In 1930s Chicago, Frankenstein’s Monster (Christian Bale) and a mad scientist (Annette Bening) resurrect a recently deceased woman (Jessie Buckley), who has ties to the Mob — and Mary Shelley.
Maggie Gyllenhaal has had an incredible career with complicated women. From her own on-screen portrayals in Secretary, The Deuce and The Kindergarten Teacher to her 2021 directorial debut The Lost Daughter, she fills the world with knotty, tempestuous women who refuse to be flattened by societal norms. So, news that she would turn her talents to the tale of the Bride Of Frankenstein — the character created by Mary Shelley as a female companion to the Monster, played iconically by Elsa Lanchester in 1935 — seemed a match made in heaven. Unfortunately, The Bride! arrives not as feminist triumph but as a true hot mess.

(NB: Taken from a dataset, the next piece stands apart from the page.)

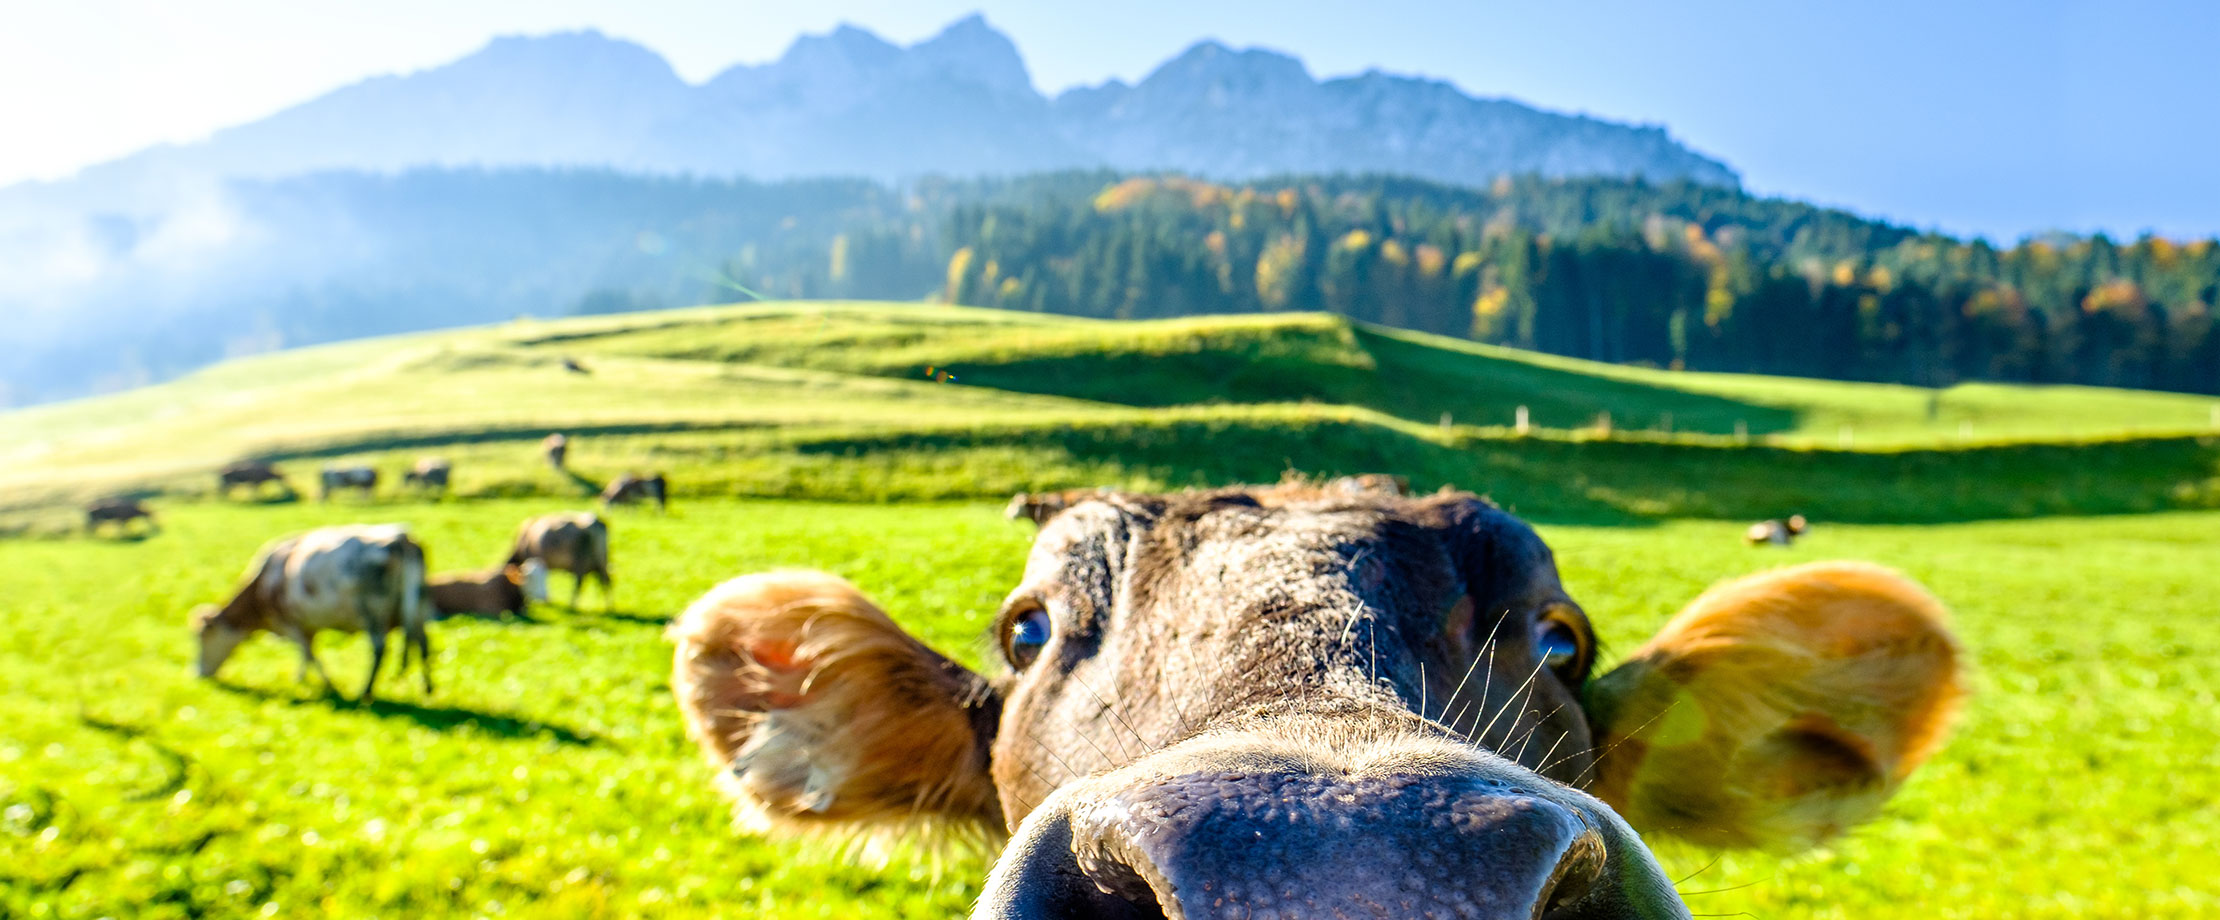 Eine Kuh auf der Weide blickt von unten in die Kamera. Sie wirkt neugierig und hat keine Angst vor dem Kameramann. Im Hintergrund grasen weitere Kühe.

The film follows Shelley herself (Jessie Buckley) speaking from somewhere — Purgatory, maybe? — as she appears to influence, and occasionally possess, a woman named Ida (also Buckley), a Depression-era sex worker who dies in an impressively gnarly stair-fall. She is buried in a pauper’s grave, in the dress she expired in, but is resurrected thanks to Frankenstein’s Monster (Christian Bale), known here as Frank, who convinces Dr Euphronius (Annette Bening) to create him a bride (Buckley again). After a violent encounter with one of the many, many men that attempt to sexually assault the titular Bride, the reanimated pair become Bonnie & Clyde style criminals and go on a road trip in order to evade law enforcement (Peter Sarsgaard, Penélope Cruz) and continue their unconvincing love story.
For every single filmmaking choice possible, Gyllenhaal makes ten.
For every single filmmaking choice possible, Gyllenhaal makes ten. The film is a love letter to cinema, a road movie, a tribute to female detective work, a revenge story, a tale about police corruption and kind of a musical. But none of these cohere as a whole, and the only thing that sticks in the mind is that Gyllenhaal couldn’t pleasingly frame a musical number if her life depended on it.
What the film does have going for it is committed performances from its talented cast, and make-up and costume design that is a true feast for the eyes. But ultimately what the film most exudes is incompetence.(Rumours of reshoots abound.) Despite flashes of glory, the editing is chaotic. Character appearances and costumes appear out of sequence.
While we all want to live in a world where artists like Gyllenhaal are given sackfuls of cash to make their passion projects, The Bride! is a crushing disappointment that almost obscures the brilliance and sensitivity she displayed in The Lost Daughter. In the immortal words of Tyra Banks: we were all rooting for you.
Fans of Maggie Gyllenhaal will be disappointed; fans of Mary Shelley will be disappointed; fans of unhinged cinema will be morbidly intrigued.